START Supplied material
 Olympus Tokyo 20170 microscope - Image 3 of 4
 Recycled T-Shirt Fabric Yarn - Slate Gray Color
END Supplied material
START Supplied material
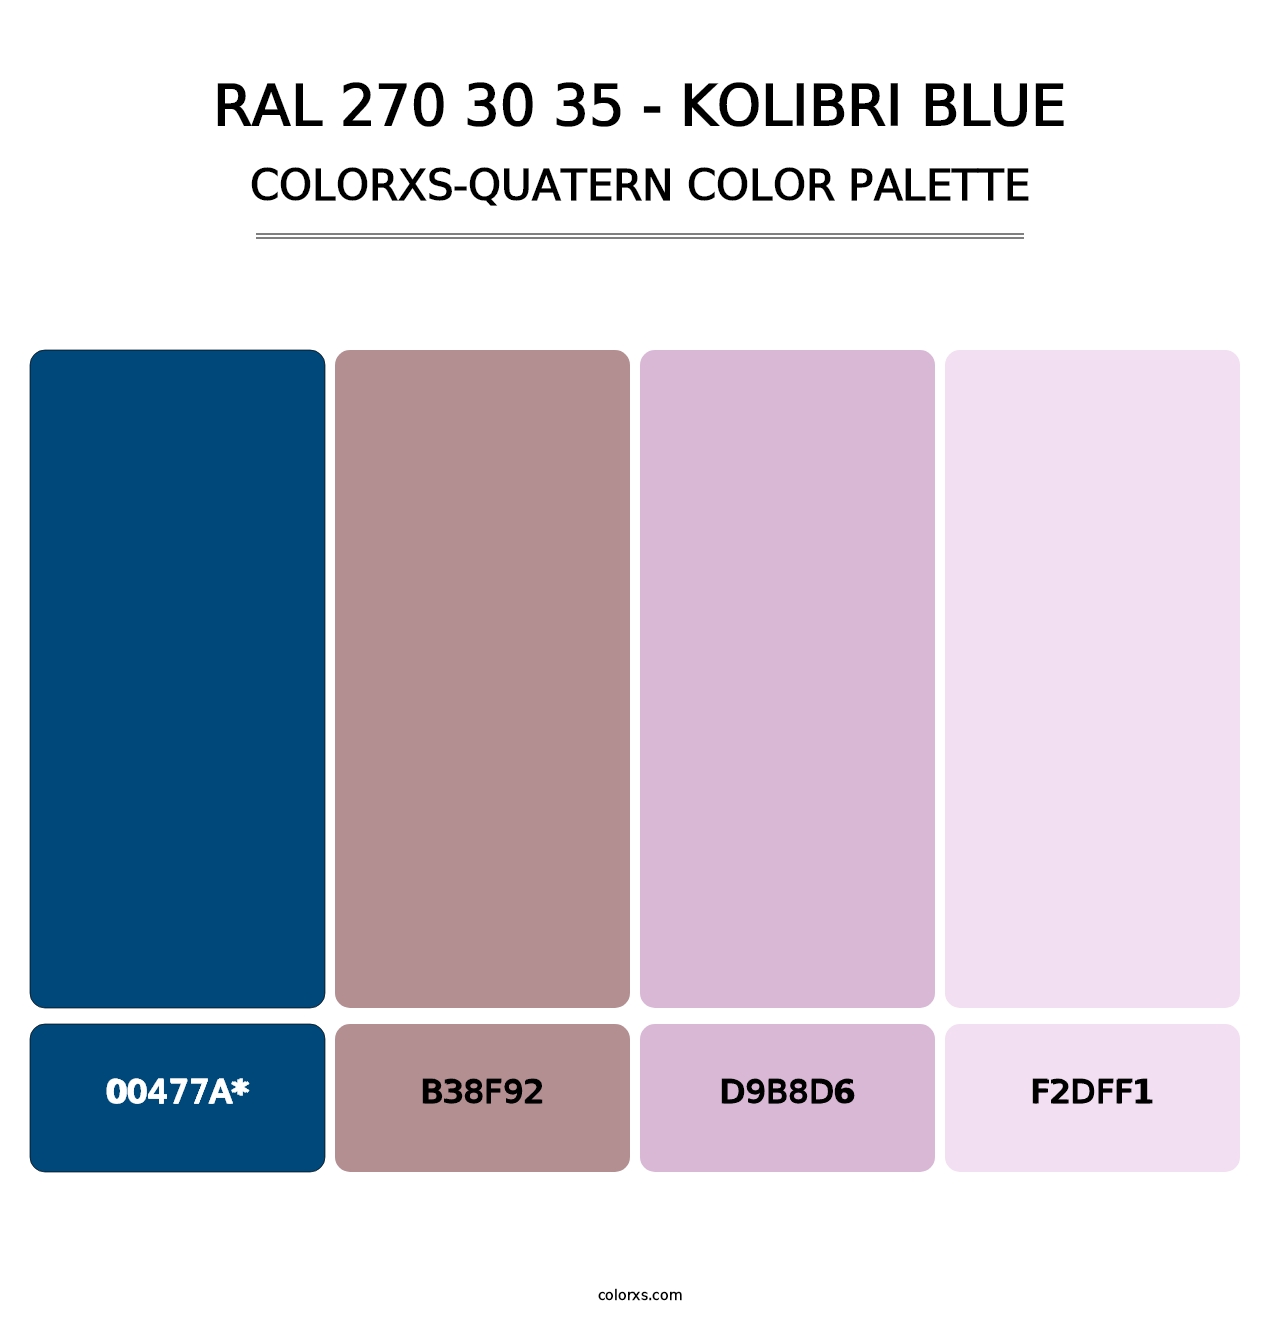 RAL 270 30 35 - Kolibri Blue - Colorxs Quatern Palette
END Supplied material
START Supplied material
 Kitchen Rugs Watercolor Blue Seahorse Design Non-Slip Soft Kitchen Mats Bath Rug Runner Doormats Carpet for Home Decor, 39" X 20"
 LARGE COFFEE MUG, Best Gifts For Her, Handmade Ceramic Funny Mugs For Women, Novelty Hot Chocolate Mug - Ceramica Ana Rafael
END Supplied material
= Your instructions =
Your answer should consist solely of the lines above from the line with "Olympus Tokyo 20170" to the line with "Recycled T-Shirt Fabric", both included, reproduced exactly.

= Response area =
 Olympus Tokyo 20170 microscope - Image 3 of 4
 Recycled T-Shirt Fabric Yarn - Slate Gray Color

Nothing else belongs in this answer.